I took my filly on walk to explore today and everyone started getting frisky and was running and playing.Samson and Abby got frisky also and was running around there pasture. I never thought Abby could get up and go so fast. They were zooming around together and bucking and kicking. She must feel good, I never thought I would see her run and play like that.


----------



## Yogiwick (Sep 30, 2013)

Has her eating picked up?


----------



## KigerQueen (Jun 16, 2013)

I know she dose not come to your area but could you get info on her vie the phone? and understand waiting for the vet thing. XD. We all DEMAND pic goodness!


----------



## Haffieluver06 (Jul 3, 2013)

Yogiwick said:


> Has her eating picked up?


Yes, her eating has improved.She is not as picky as she was.She is eating dry sweet feed and I started adding timothy pellets, And she is eating it. So far so good.


----------



## Haffieluver06 (Jul 3, 2013)

KigerQueen said:


> I know she dose not come to your area but could you get info on her vie the phone? and understand waiting for the vet thing. XD. We all DEMAND pic goodness!


Yes we have talked to her. She has arthritis in her hips. She is actually the one that told us to feed her dry food, since she has never been prone to choking in her past. And I will get pics later.


----------



## Yogiwick (Sep 30, 2013)

I'd suggest swapping the sweet feed for a senior, senior is also sweet and will be much better for her overall and for an older horse trying to pick up weight. I'm glad she's eating something though! But think it's likely if she'll eat that she'll eat a senior. You can even mix it for the time being.

Glad the vet is helpful.

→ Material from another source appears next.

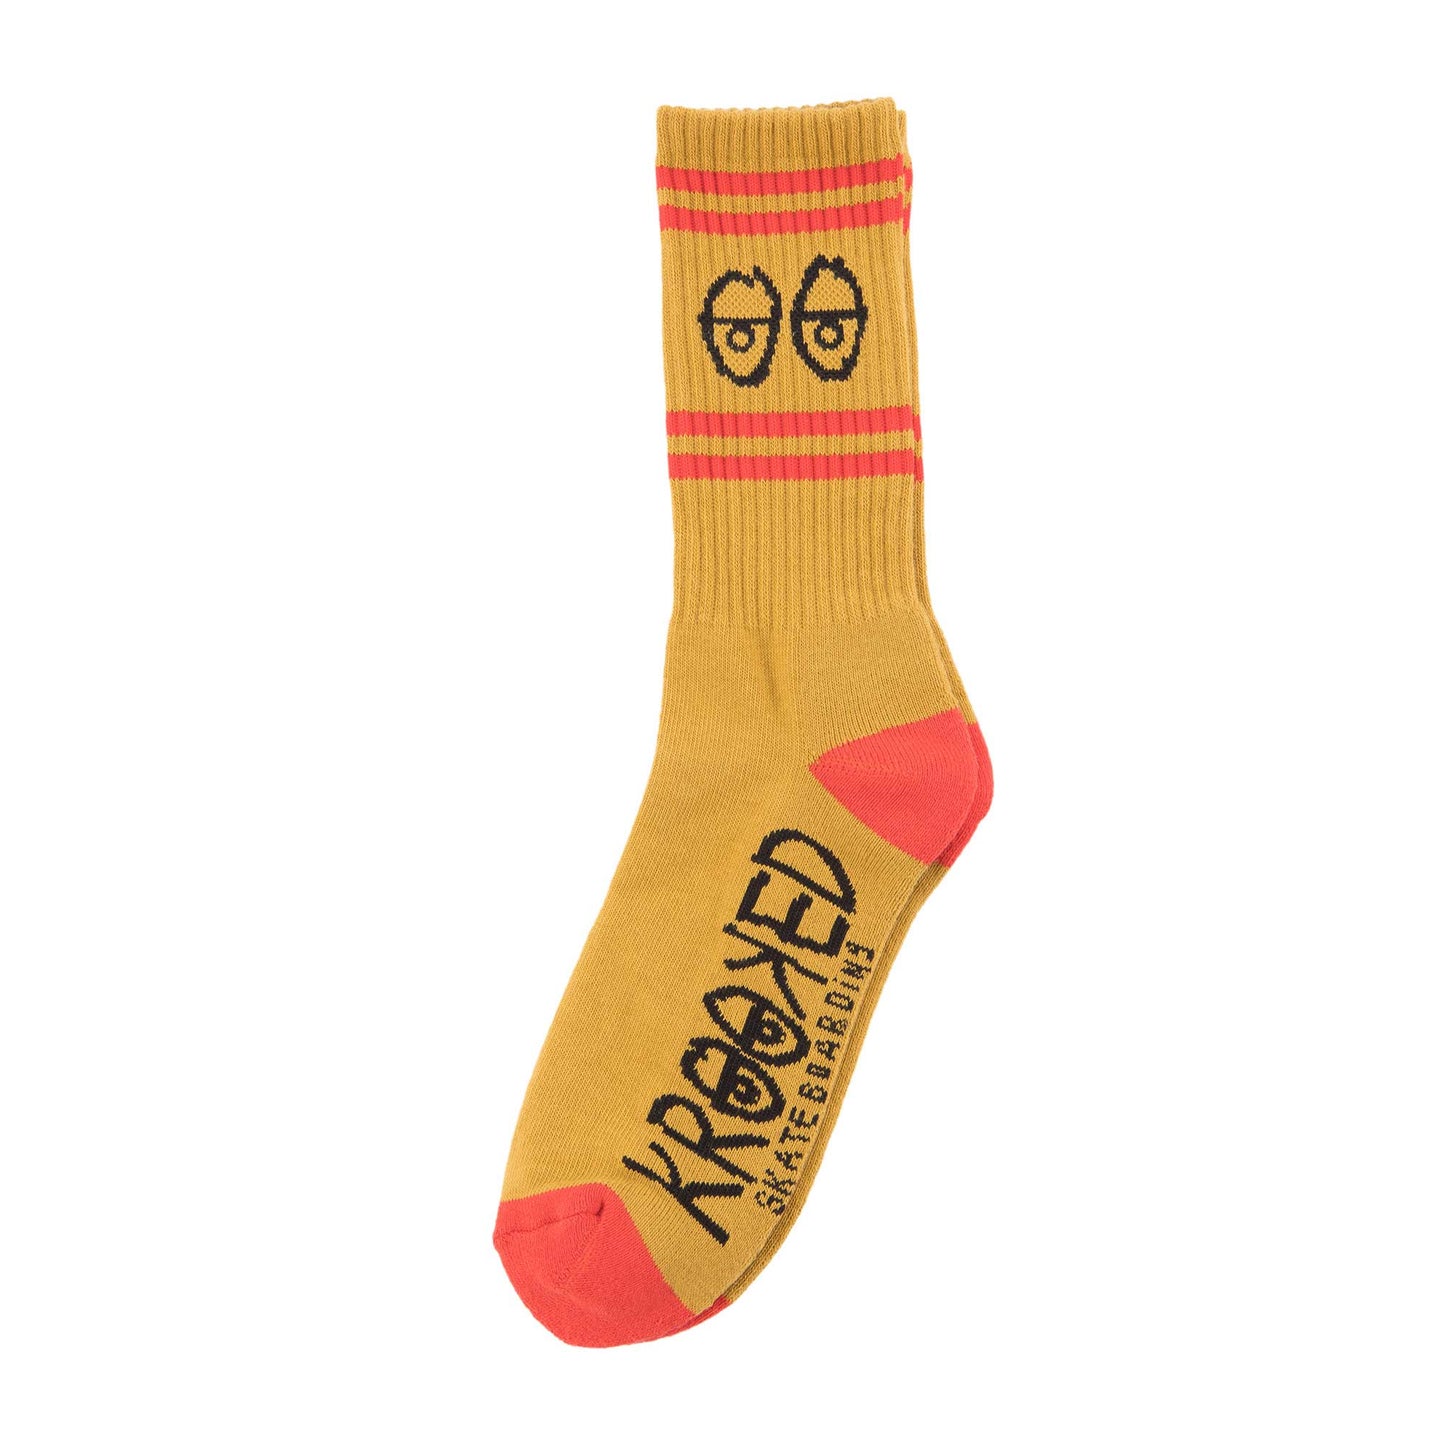 Krooked Eyes Sock, gold/red/black - Tiki Room Skateboards - 1

Good for her. If her teeth are good nothing wrong with dry!  Makes your life much easier I'm sure.

Yes pictures!!


----------



## Haffieluver06 (Jul 3, 2013)

Yogiwick said:


> I'd suggest swapping the sweet feed for a senior, senior is also sweet and will be much better for her overall and for an older horse trying to pick up weight. I'm glad she's eating something though! But think it's likely if she'll eat that she'll eat a senior. You can even mix it for the time being.
> 
> Glad the vet is helpful. Good for her. If her teeth are good nothing wrong with dry!  Makes your life much easier I'm sure.
> 
> Yes pictures!!


She is on Purina Equine Senior Feed.


----------



## morganarab94 (May 16, 2013)

Haffieluver06 said:


> She is on Purina Equine Senior Feed.


I will say that I tried that on my old gelding (in his mid to late 20s) and it helped none. He had lost a lot of weight and I was hoping it'd help. So I started using Safechoice Nutrena senior feed (for the same price here) and it's helped a lot more! So just throwing that out there.
I'm glad to see she's eating and enjoying life!


----------



## Haffieluver06 (Jul 3, 2013)

PICS!!! I dont know if you guys can tell from the pics. but she looks like she is filling out a little. I also got a few pics of her spots. I cant wait till she sheds out so I can see those spots pop!


----------



## Haffieluver06 (Jul 3, 2013)

morganarab94 said:


> I will say that I tried that on my old gelding (in his mid to late 20s) and it helped none. He had lost a lot of weight and I was hoping it'd help. So I started using Safechoice Nutrena senior feed (for the same price here) and it's helped a lot more! So just throwing that out there.
> I'm glad to see she's eating and enjoying life!


Thanks for the advice But Abby is gaining weight and eating it (thank god!) So I think I will stick with it for now.


----------



## morganarab94 (May 16, 2013)

Haffieluver06 said:


> Thanks for the advice But Abby is gaining weight and eating it (thank god!) So I think I will stick with it for now.


Well then thats good! I'm glad it's working for her.


----------



## Yogiwick (Sep 30, 2013)

Haffieluver06 said:


> She is on Purina Equine Senior Feed.


Oh ok you said sweet feed 

Yay for pics! She looks GREAT! She is definitely filling out! She looks happy, and as always beautiful face. Her poor back end looks so awkward though :'( but it doesn't seem to bother her.


----------



## Haffieluver06 (Jul 3, 2013)

Yogiwick said:


> Oh ok you said sweet feed
> 
> Yay for pics! She looks GREAT! She is definitely filling out! She looks happy, and as always beautiful face. Her poor back end looks so awkward though :'( but it doesn't seem to bother her.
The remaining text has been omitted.